• Фото из архива «Амурской правды»
  • Фото из личного архива

Решение матери и пустеющий город

Перед лицом неизвестной опасности каждая семья принимала свое судьбоносное решение. Для семьиАфанасьевых таким решением стала твердая воля матери, которая решила остаться и не отдавать своих детей в эвакуацию. Город замер в тревожном ожидании: кто-то эвакуировался, спешно заколачивая окна и двери. По опустевшим кварталам патрулировала милиция, следившая за порядком.

— Когда только готовились к войне, из Китая к нам стало прибивать трупы китайские по Амуру. Они все нищие такие, в рванье в каком-то. Обычно за спиной руки связаны. Перекрученные ноги соломенными веревками. Их расстреливали или топили, скидывали в Амур. Мы уже поняли, что что-то там неладно. Там свои еще разборки какие-то были в Китае. Маньчжуры воевали с хунхузами. Все боялись, как бы они сюда не пошли, китайцы, со своими разборками, — делится воспоминаниями дитя войны.

Моя мама сказала: «Не отдам я детей в эвакуацию. Если нам суждено умереть, будем умирать все вместе». С этой фразы начался для восьмилетнего Владислава Афанасьева самый страшный август его жизни — август 1945 года, когда Благовещенск готовился к решающему удару по армии Японии. Его воспоминания — это уникальный взгляд на историю глазами ребенка, видевшего и красное от залпов небо, и улыбки пленных японцев.

Зловещую тишину вскоре сменил гул моторов и строевые песни.
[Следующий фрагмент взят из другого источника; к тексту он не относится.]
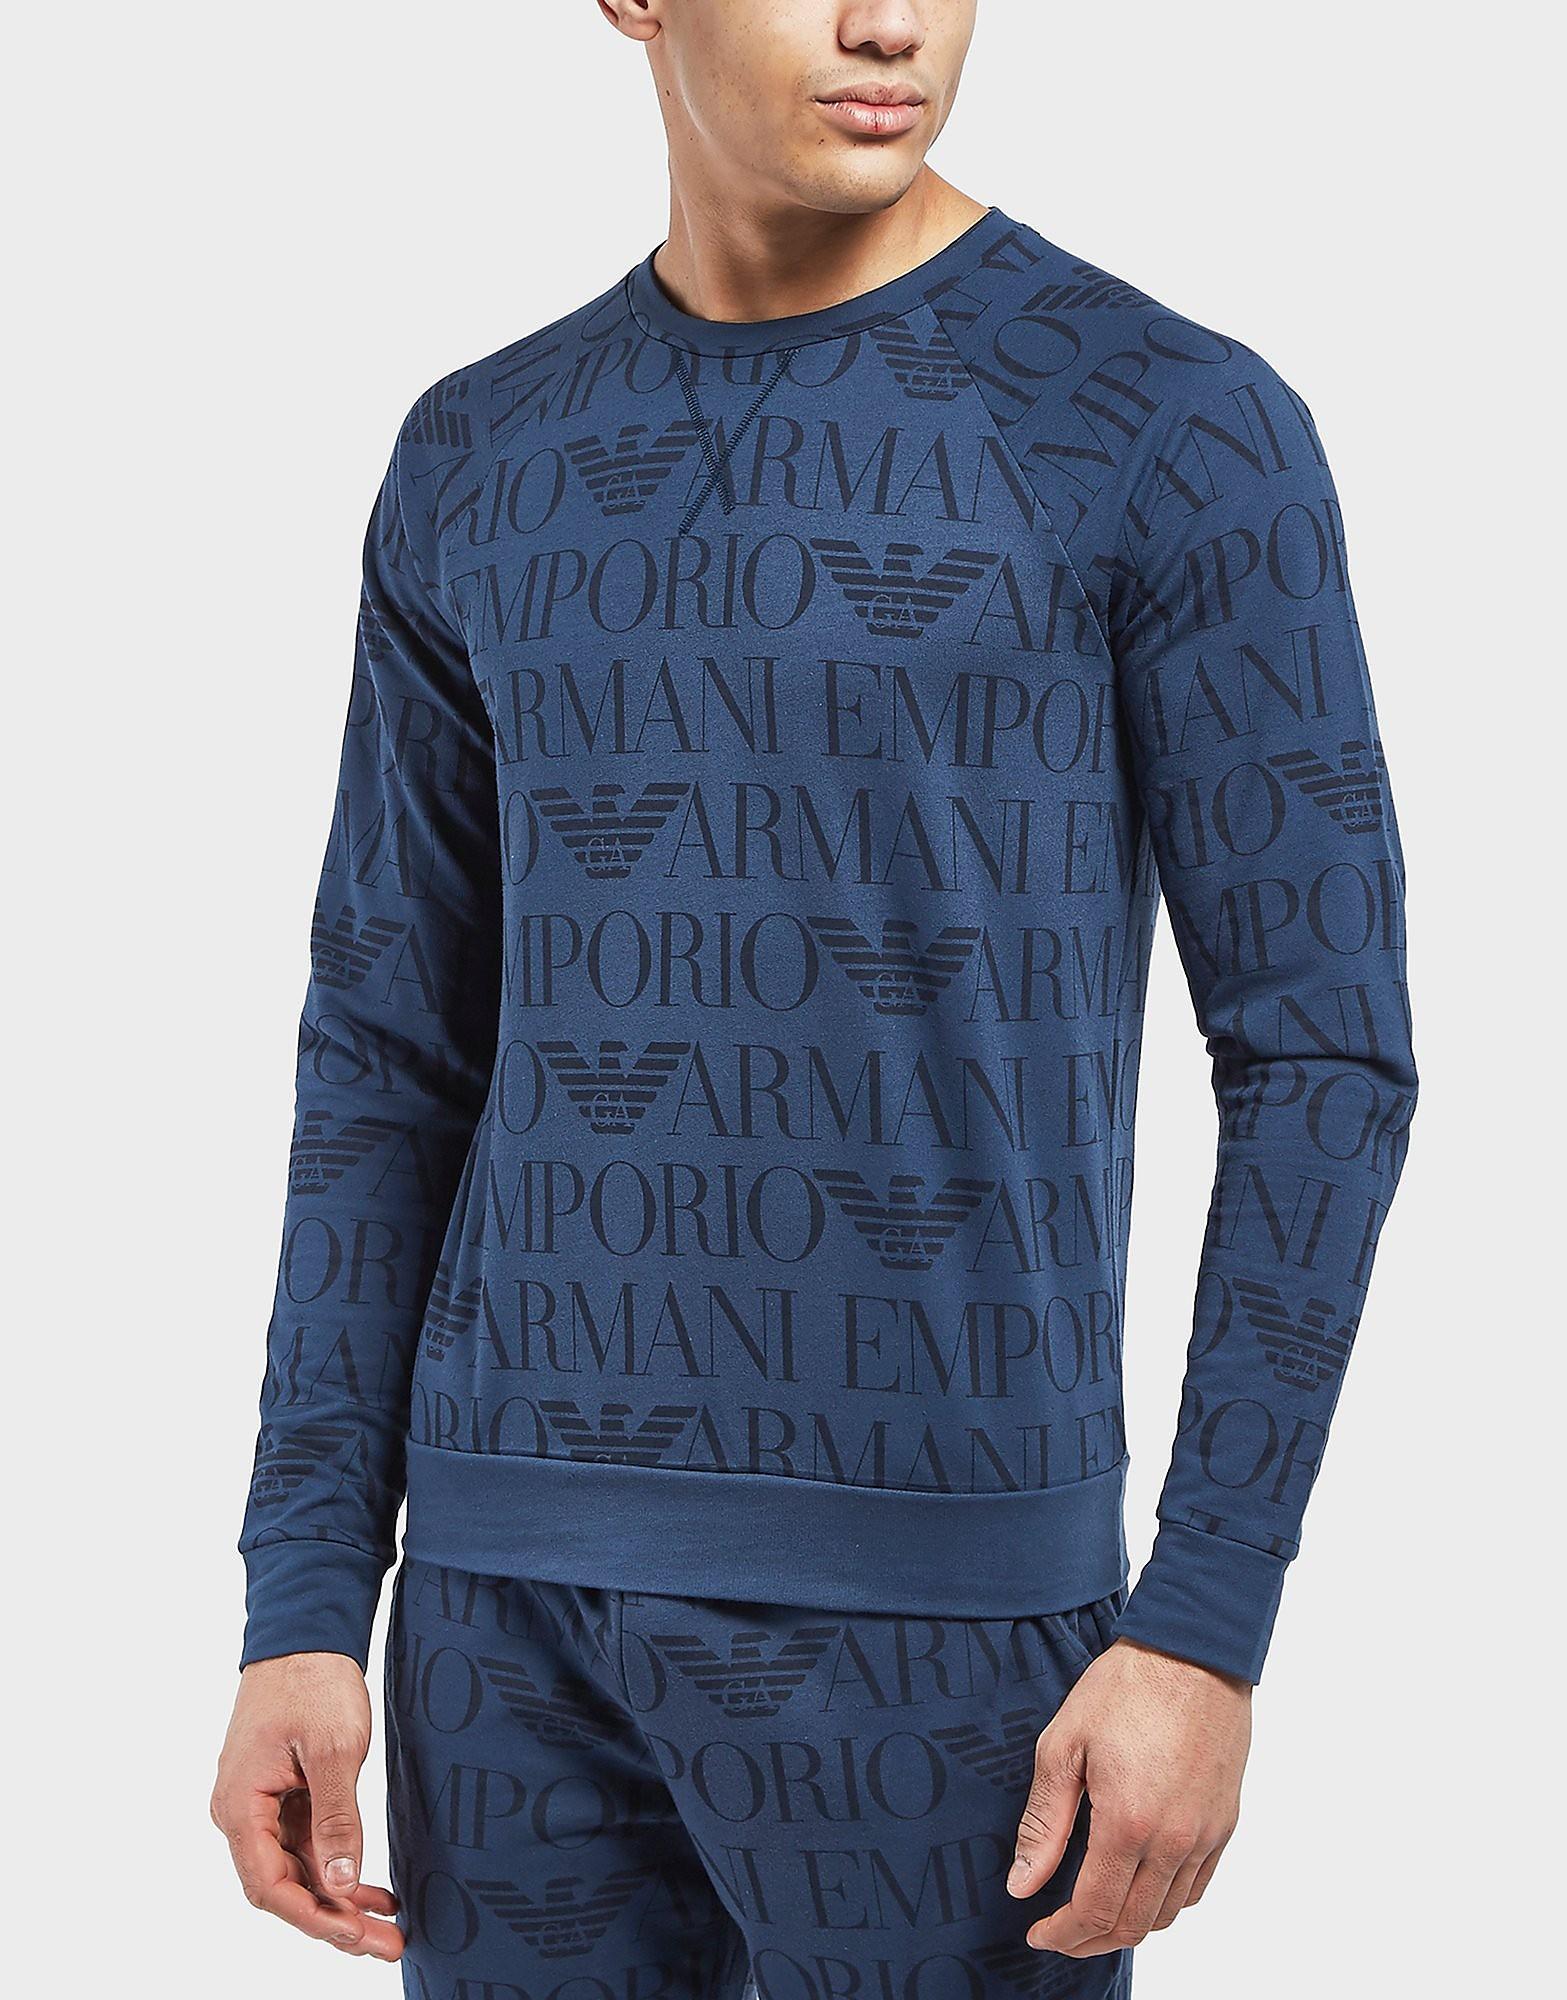 Emporio Armani All Over Print Sweatshirt

Благовещенск стремительно наводнялся войсками: тысячами солдат, танками, артиллерией. Владислав Петрович с детским изумлением наблюдал, как город буквально на его глазах переоделся в военную форму. Особенное впечатление на мальчика произвело невероятное количество девушек-военных, которых он раньше и представить не мог в армии.

— Кровь с молоком, все ордена лежат на грудях. Смотришь — загляденье! Это потом стали ордена не лежать на грудях, а висеть. Голод настал, — вспоминает Владислав Петрович.

Дом Афанасьевых: островок мирной жизни

Их большой дом с красивым парадным входом стал магнитом для солдат, изголодавшихся по простому домашнему уюту. Военные часто приносили с собой трофейные продукты, вино, водку и японское саке. Ночные посиделки военных в городе могли заканчиваться стрельбой, родители Владислава больше боялись шальных пуль от своих же, чем вражеских налетов.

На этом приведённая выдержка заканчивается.